Kurt: From her prayer journal, which was first published a few years ago, it’s clear that she sought the intercession of Mary to, among other things perhaps, become a successful writer.

She also prayed the rosary, so that was also a big part of her spiritual life. At her family’s behest, she did take a trip to Lourdes, despite having mixed feelings about the ritual involved. She wrote to a friend, with characteristic humor, “I am one of those people who could die for his religion sooner than take a bath for it.”

She described praying for help with her second novel rather than her health ailments, which she seemed to accept with great faith. Coincidentally or not, she made a creative breakthrough with the novel shortly after returning home.

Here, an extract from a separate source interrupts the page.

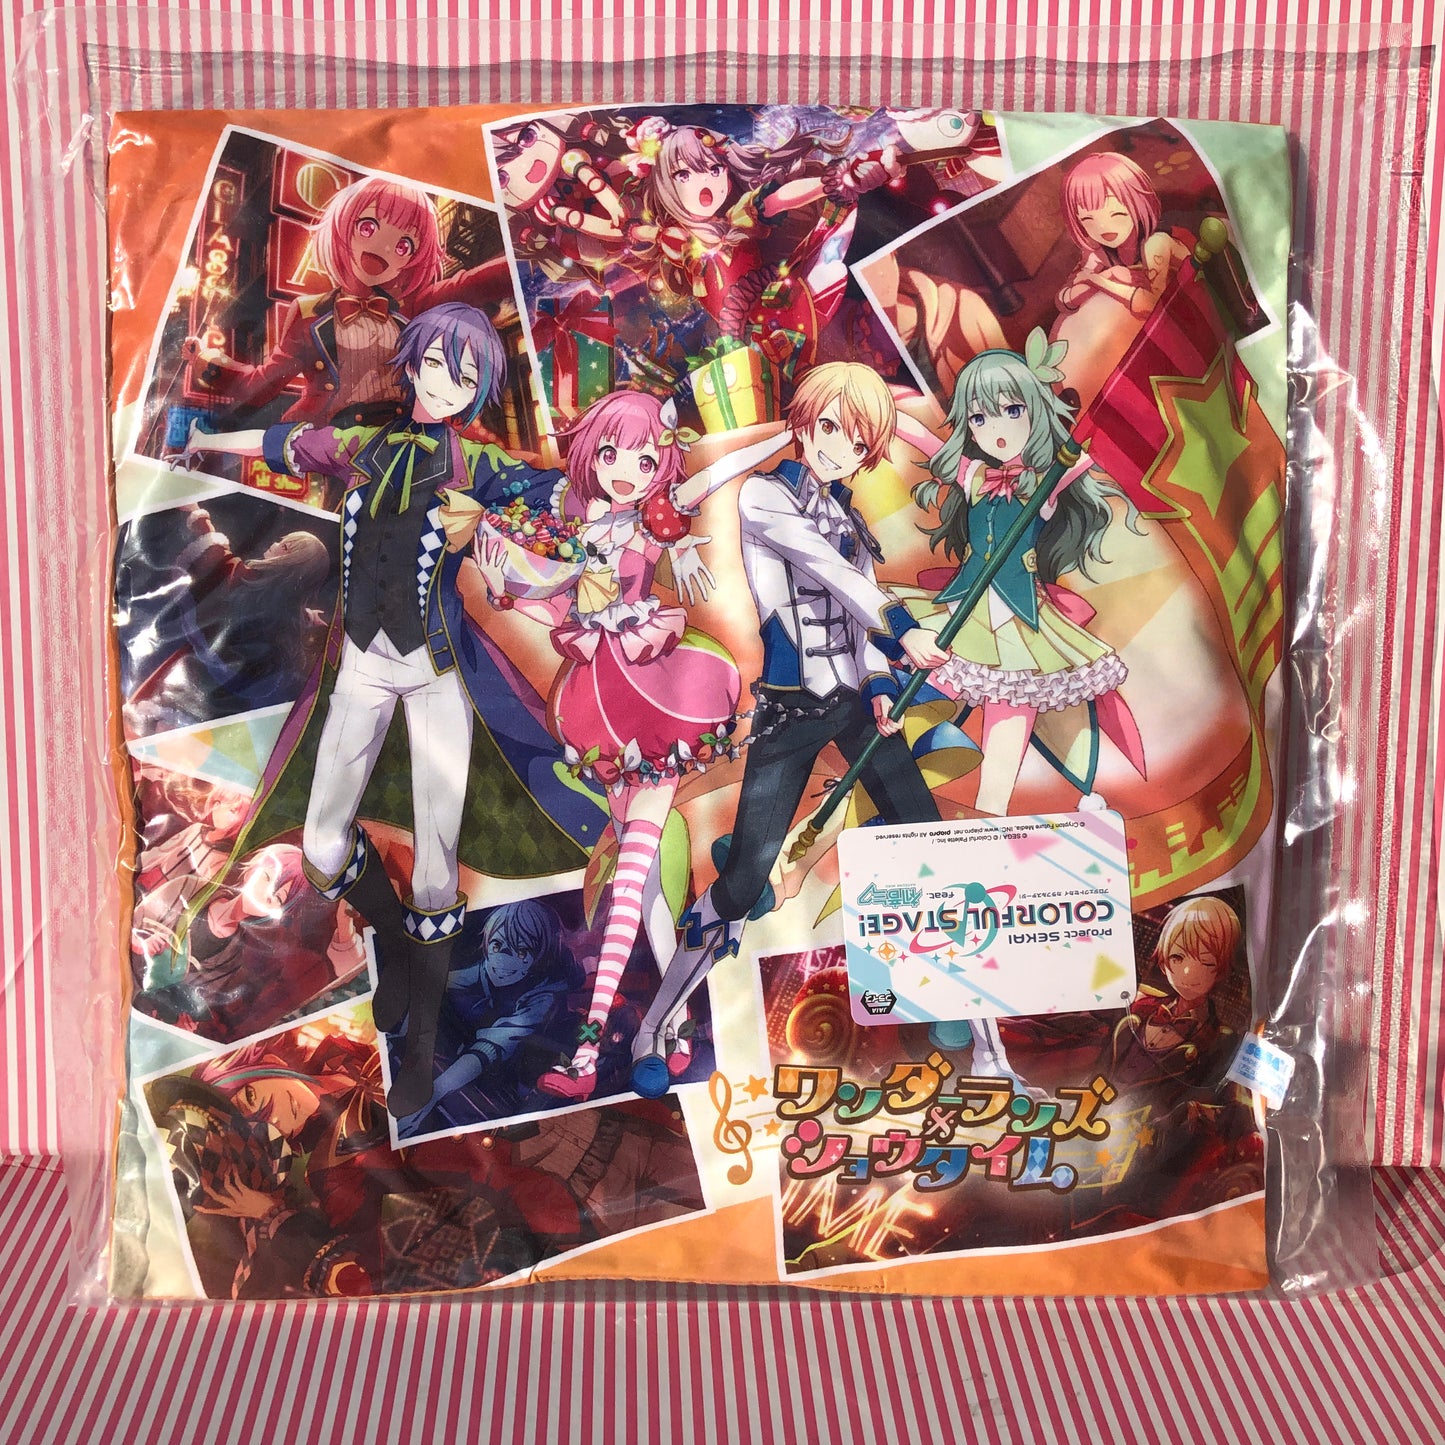 New Project Sekai Colorful Stage Cushion! ft. Hatsune Miku - Wonderlands x Showtime

Chicago Catholic: Her writing isn’t sanguine. Why?

Kurt: She wanted to depict evil in a realistic way, and that meant sometimes using violence. But it was never there just for a cheap thrill. There’s a mystery that unravels in those moments of calamity, which is what makes them so powerful. The paradox is that what seems like a disaster can actually represent a moment of spiritual rebirth for the character.

Mrs. May, the farm owner in “Greenleaf,” is a prime example. She calls herself a Christian, but shows a smug attitude toward her faith. She looks with derision at her tenant farmers’ scrub bull, who regularly make its way onto her property. But O’Connor presents the animal as a symbol of Christ’s love. When it violently approaches Mrs. May, she ultimately recognizes it as Christ chasing her down. Rather than being destroyed, she’s metaphorically redeemed.